Понятие торжества личной свободы и защиты частной жизни культивировалось в Конфедерации весьма успешно. Но в Конфедерации, как и Британии, где работала похожая система, обычный человек просто не знал, что вся его жизнь контролируется едва ли не плотнее, чем максимально зарегулированная флажками социального рейтинга жизнь гражданина Европейского Союза. А вся информация, начиная от оценок в начальной школе и заканчивая служебными выговорами и поощрениями хранится в личном деле, якобы никому для ознакомления недоступном.
Даже более того — как я узнал недавно, в торговых центрах, на улицах, в лифтах и холлах муниципальных домов стояли скрытые камеры с интеллектуальной системой социального контроля (якобы обезличенного), в автоматическом режиме отслеживающего «ненормальную» активность.
Речь даже не о вандализме в лифтах, а о выводах о гражданине, которые делал искусственный интеллект системы контроля: модель поведения на работе и вне ее, пристрастие к напиткам или ограниченно разрешенным веществам (как тот же никотин), хобби и увлечения, посещение любовников или любовниц, визиты к проституткам, полный круг общения и прочие вещи, которые в общем составляют собой понятие частной жизни. И с определенного уровня доступа в карточке личного дела гражданина можно было узнать о нем практически все что угодно.
Единственная возможность скрыться от всевидящего государева ока — это уйти в лес, как это получилось кратковременно у нас с Анастасией. И то подобный вариант совсем не гарантировал успеха: по последней точке входа, а также картинке со спутника найти можно было любого, вопрос только в желании и сроках. Да и если укрыться в землянке под елкой, при нужде человека можно легко обнаружить — стоит лишь поднять поисковые отряды беспилотников с тепловизорами.
Так что скрыться от чужих глаз, по-настоящему, можно было лишь в протекторатах, где как раз-таки официально заявлялось о контроле каждого шага граждан. В странах же Большой Четверки доступность личной информации была лишь вопросом уровня запроса.
У запросов Элимелеха уровень вполне соответствовал — пусть и несанкционированный, так что о местонахождении Степана он знал. Сам же Степан, пусть и обладая чутьем многолетнего жителя протектората, ото всех камер спрятаться не смог, и его путь — полтора месяца назад, когда он бежал из Петербурга после встречи со мной, частично попал в поле зрения, задав направление поиска.
Точное же местонахождение Степана вычислено было именно с помощью автоматической системы социального контроля: осел он в Мурманске. И когда появилась информация о регулярном прибытии курьеров доставки еды, а также девушек из эскорт-агентств в квартиру, которая официально числилась пустующей, мимо окон дома — опять же в автоматическом режиме, в стелс-режиме полетал дрон.
В результате лицо Степана было срисовано, как и информация о его местонахождении. Но из-за того, что Степан в розыске не значился, речи о заведении дела по административному правонарушению — о нелегальном съеме жилой площади, даже не шло. Для государства было значительно дешевле не замечать подобных мелочей, дабы не подогревать лишний раз все же гуляющие в народной молве «мифы» о тотальной слежке и контроле каждого шага подданного и гражданина.
Мурманск Степан выбрал для того, чтобы залечь на дно, явно неслучайно.

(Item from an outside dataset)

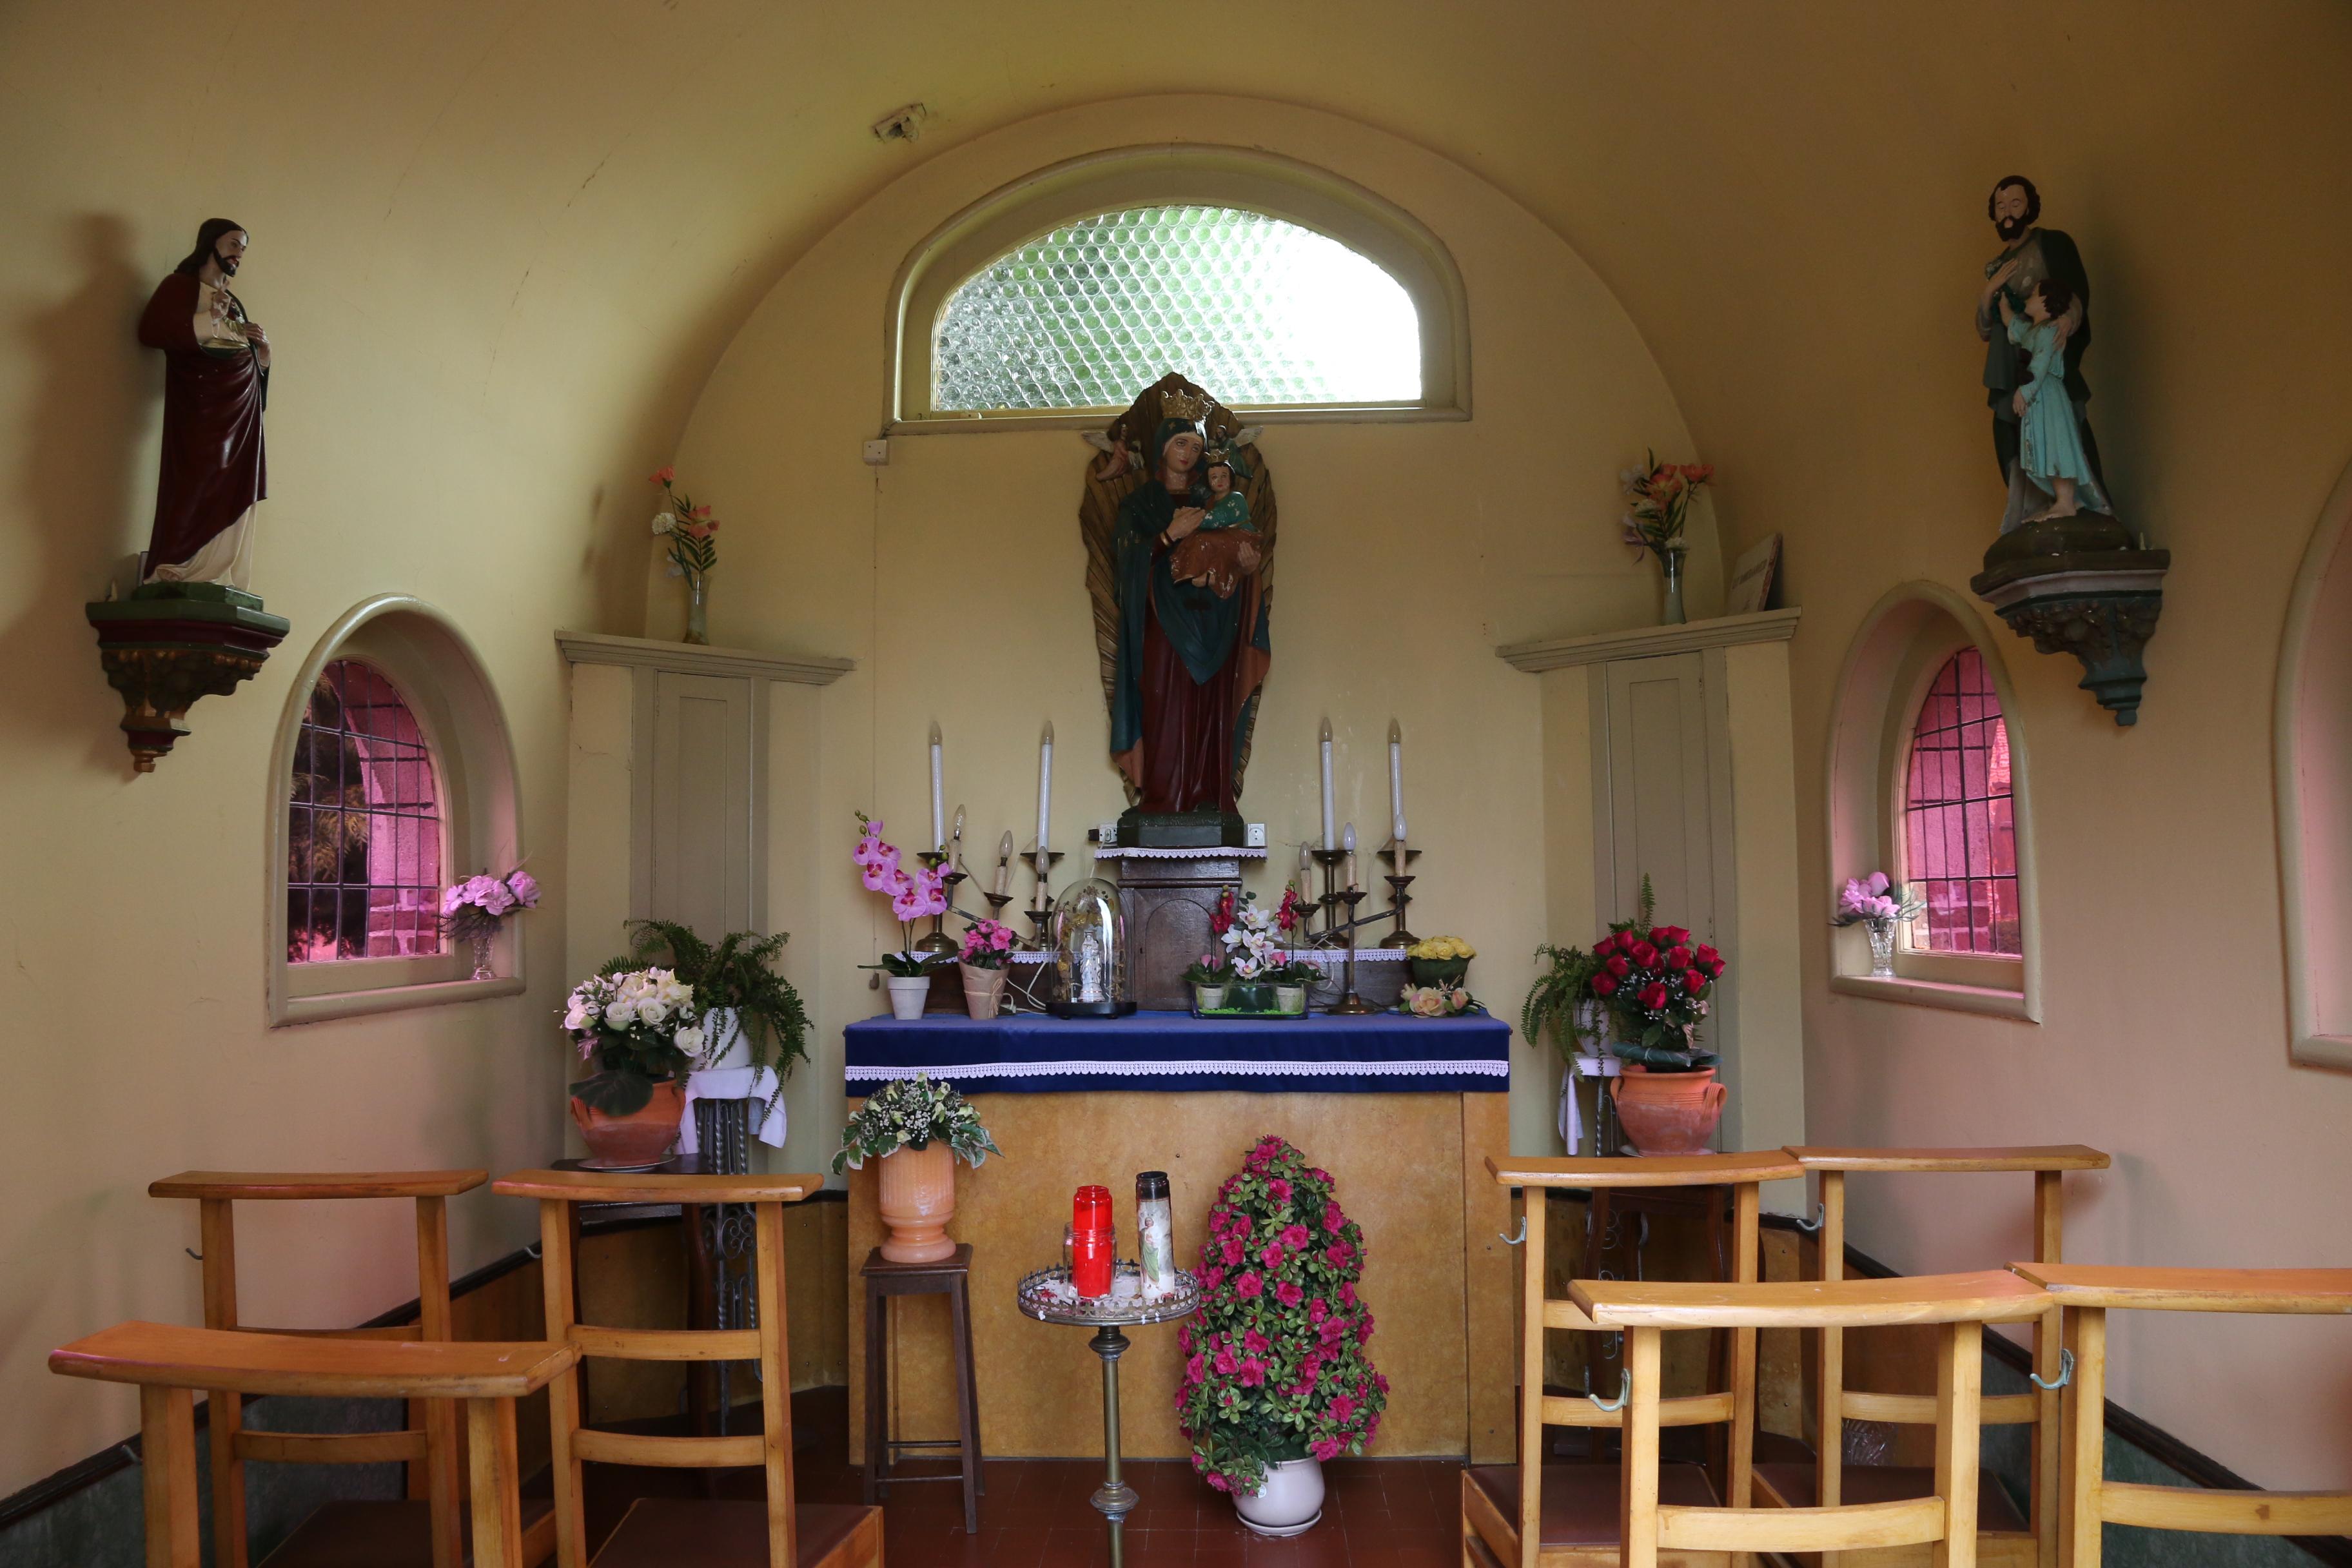 bestandemblem interieur van kapel bij hoeve het witte venjpg
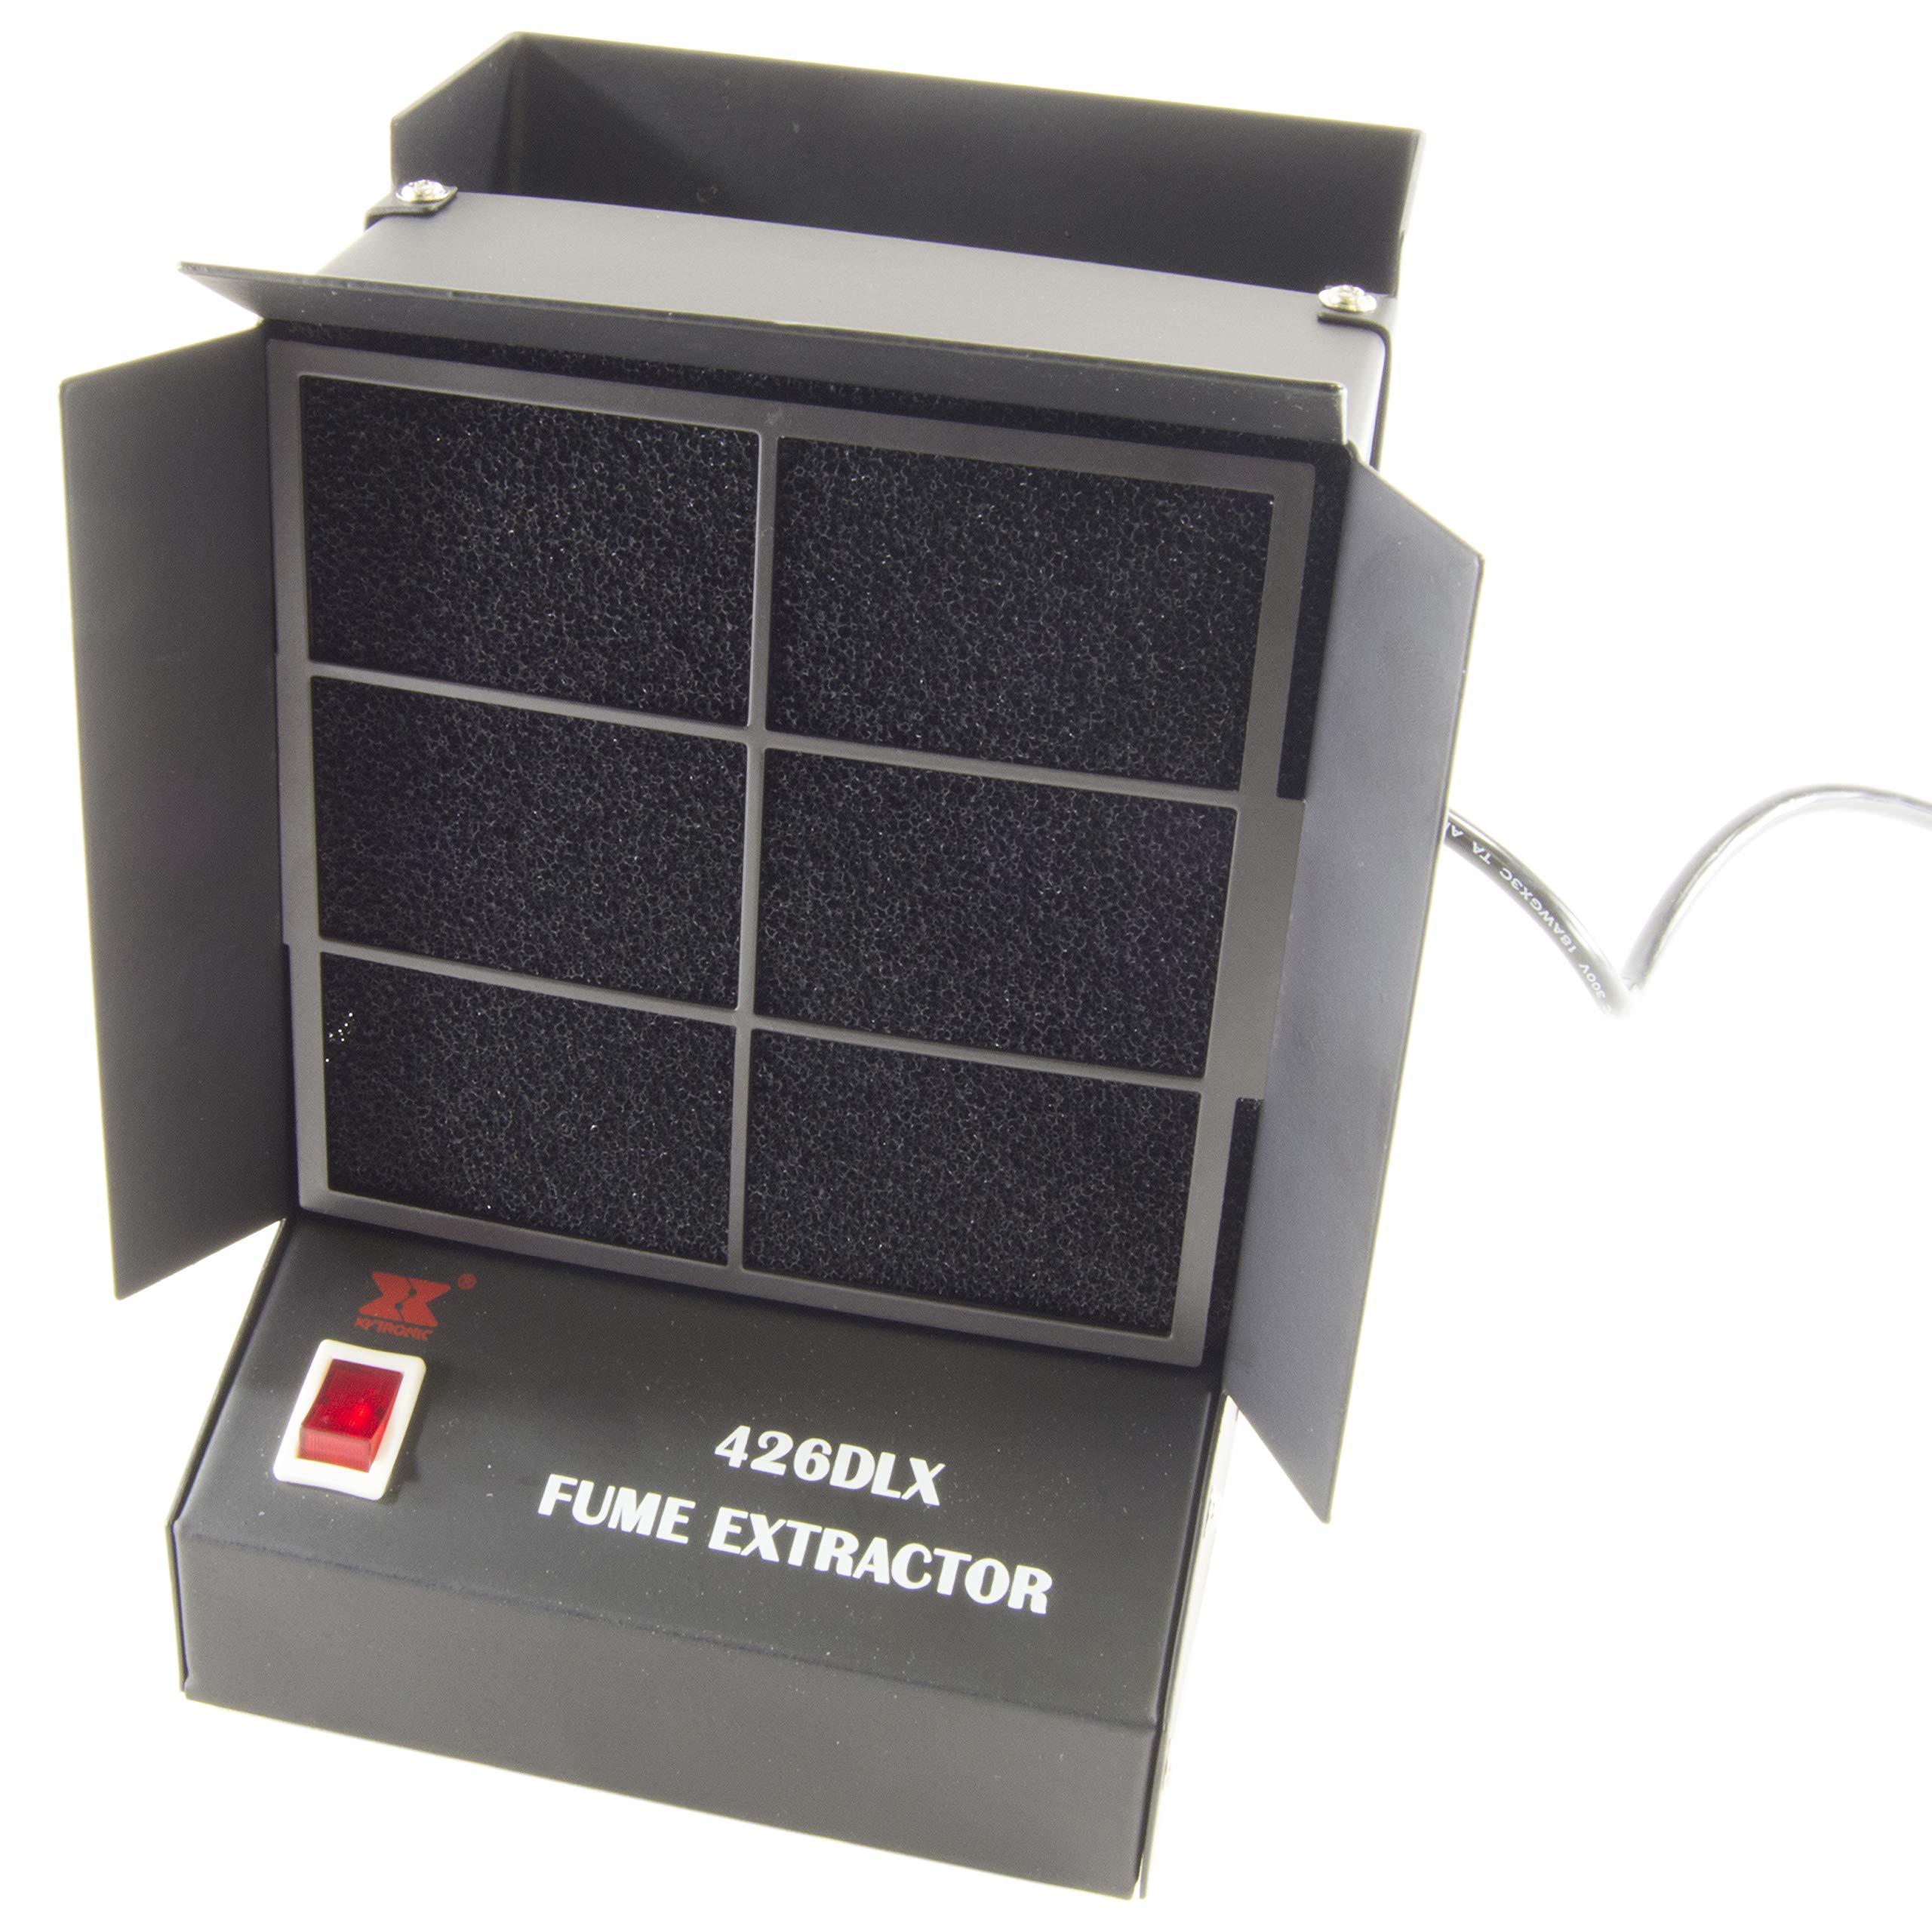 Xytronic 426dlx extractor de humos por Xytronic: Amazon.es ...

Связей у него было вполне достаточно, а чутья на опасность не занимать — так что он наверняка узнал с кем именно я был в Доме моды мадам Оссейн при нашей встрече. Поэтому — видимо прикинув, что Анастасия княжна с Юга России, и возможно взяв версию, что она является моей покровительницей, Степан решил свалить на Север. И к Европе поближе — в случае чего, до Королевства Норвегия, с которым у Российской Конфедерации последнее десятилетие отношение совсем недружественные, от Мурманска рукой подать.
И сейчас, глядя за высчитываемой тактическим анализатором бегущей полосой прогресса я ждал, когда Валера выйдет на связь — чтобы, если что, отменить захват Степана. Ждал не напрасно — появилось окно вызова, и чуть погодя напротив возникла голограмма немного взъерошенного Валеры.
— Точку сбора не меняем, — сходу произнес принц.
Кивнув, показывая что понял и принял, я чуть погодя вопросительно дернул подбородком.
— Крестник твой в больнице, дело в полиции завели. Показания на тебя уже есть, от кого-то из работников…
— От кого?
— Не запомнил, сам посмотришь, сейчас скину тебе файл. Раньше того как Адольф твой не придет в норму, и как не снимут его показания, поли́сменты тебя дергать не будут.
— Если они форсируют работу? — задал я вопрос, раздумывая о том, рассказывать ли Валере свои догадки о созданной у меня искусственно картинке восприятии отношения аристократов и наемных рабочих.